I have a 256 MB Ati radeon x550, directx9.0 supported and pixel shader 2.0 supported (I guess) graphics card. I installed GTA IV successfully but the game didn't launch. Showing an "FATAL" error code DD3D50. I guess the problem is the requirement of pixel shader 3.0. Can I play that game with my GPU? Or is there any patch or a new release for the game.


----------



## RockmasteR (Aug 10, 2007)

a simple answer to your question is no, a more detailed answer is : absolutely not...
sorry for the disappointment but GTA IV is a very demanding game and needs at least a Geforce 7900
I have a GF 9400 GT and I don't want to get it cause I'll play it at the lowest settings...
your card can't even run the game as you did find out
maybe it's time to upgrade to a better card.
if you need to upgrade, post your PSU watts and amps under the 12V (you need to open your case and look at the PSU sticker)


----------



## Tiber Septim (Feb 9, 2006)

Hi.
The DD3D50 error means that a DirectX 9 video card is required.
If you are trying to play it on Vista, I suggest installing the latest version of DirectX 9.0c.
It won't make much of a difference anyway, you GPU is way below the minimum spec for the game. It requires a Nvidia 7900 or ATI X1900 or higher.
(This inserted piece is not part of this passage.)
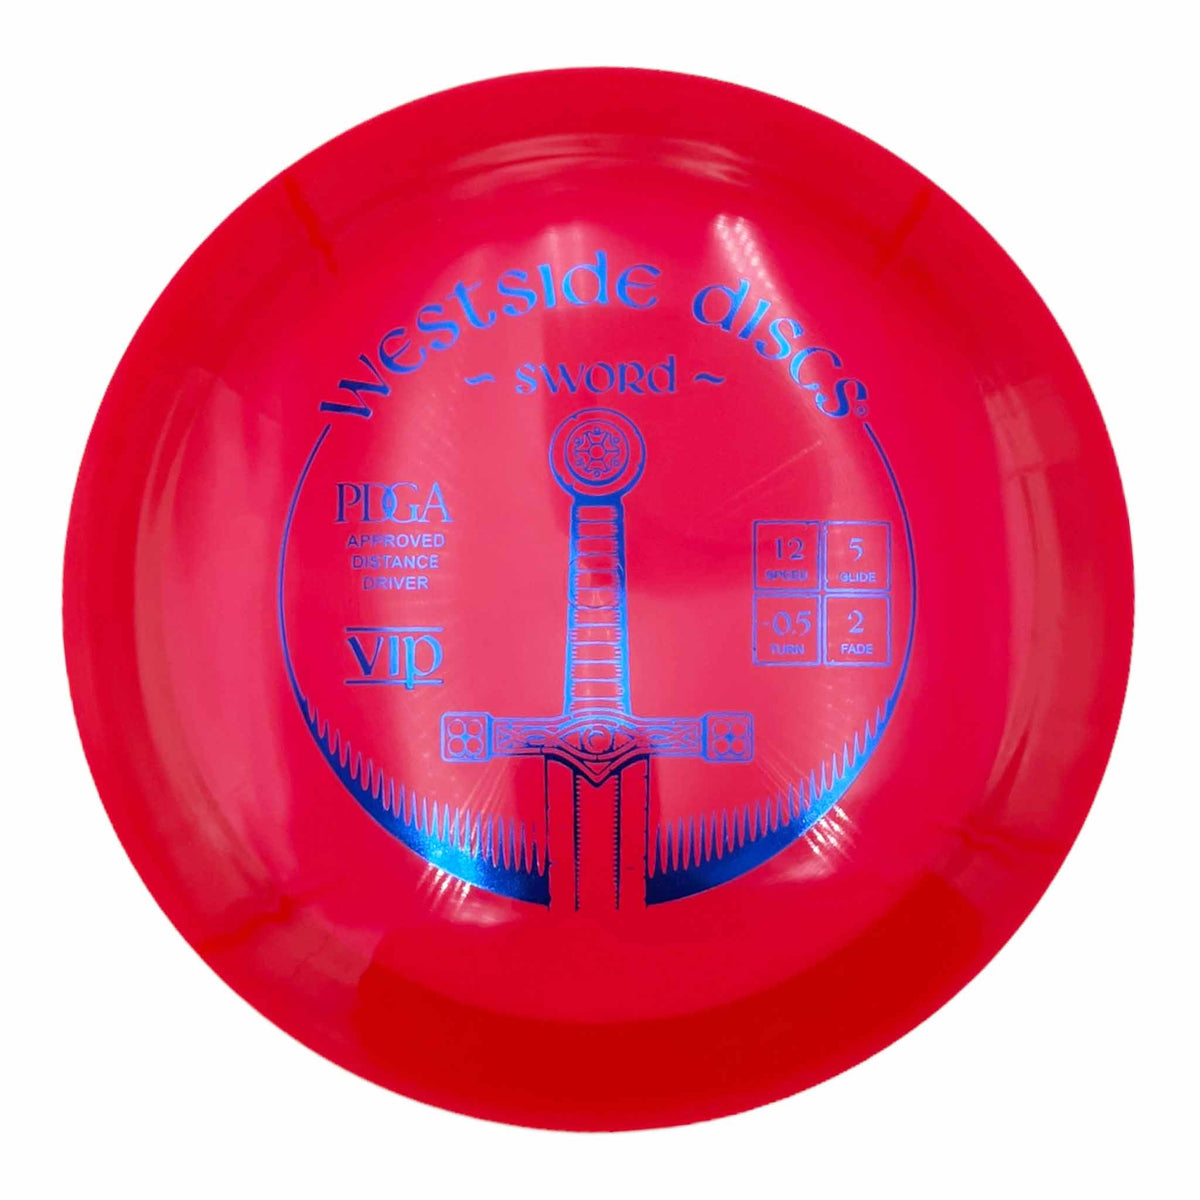 Westside Discs VIP Sword distance driver - Red / Blue

Edit: Rock beat me by a few seconds.


----------



## AMIGA500 (Feb 4, 2009)

Hımm.. That means this game requires a lot of money. Thanks for the quick answers.


----------



## McNinja (Jun 22, 2008)

if you upgrade your computer think about upgrading to play more games not just the one game

you'll feel better about yourself and justifing the cost of the upgrades which is gonna $$$ you


----------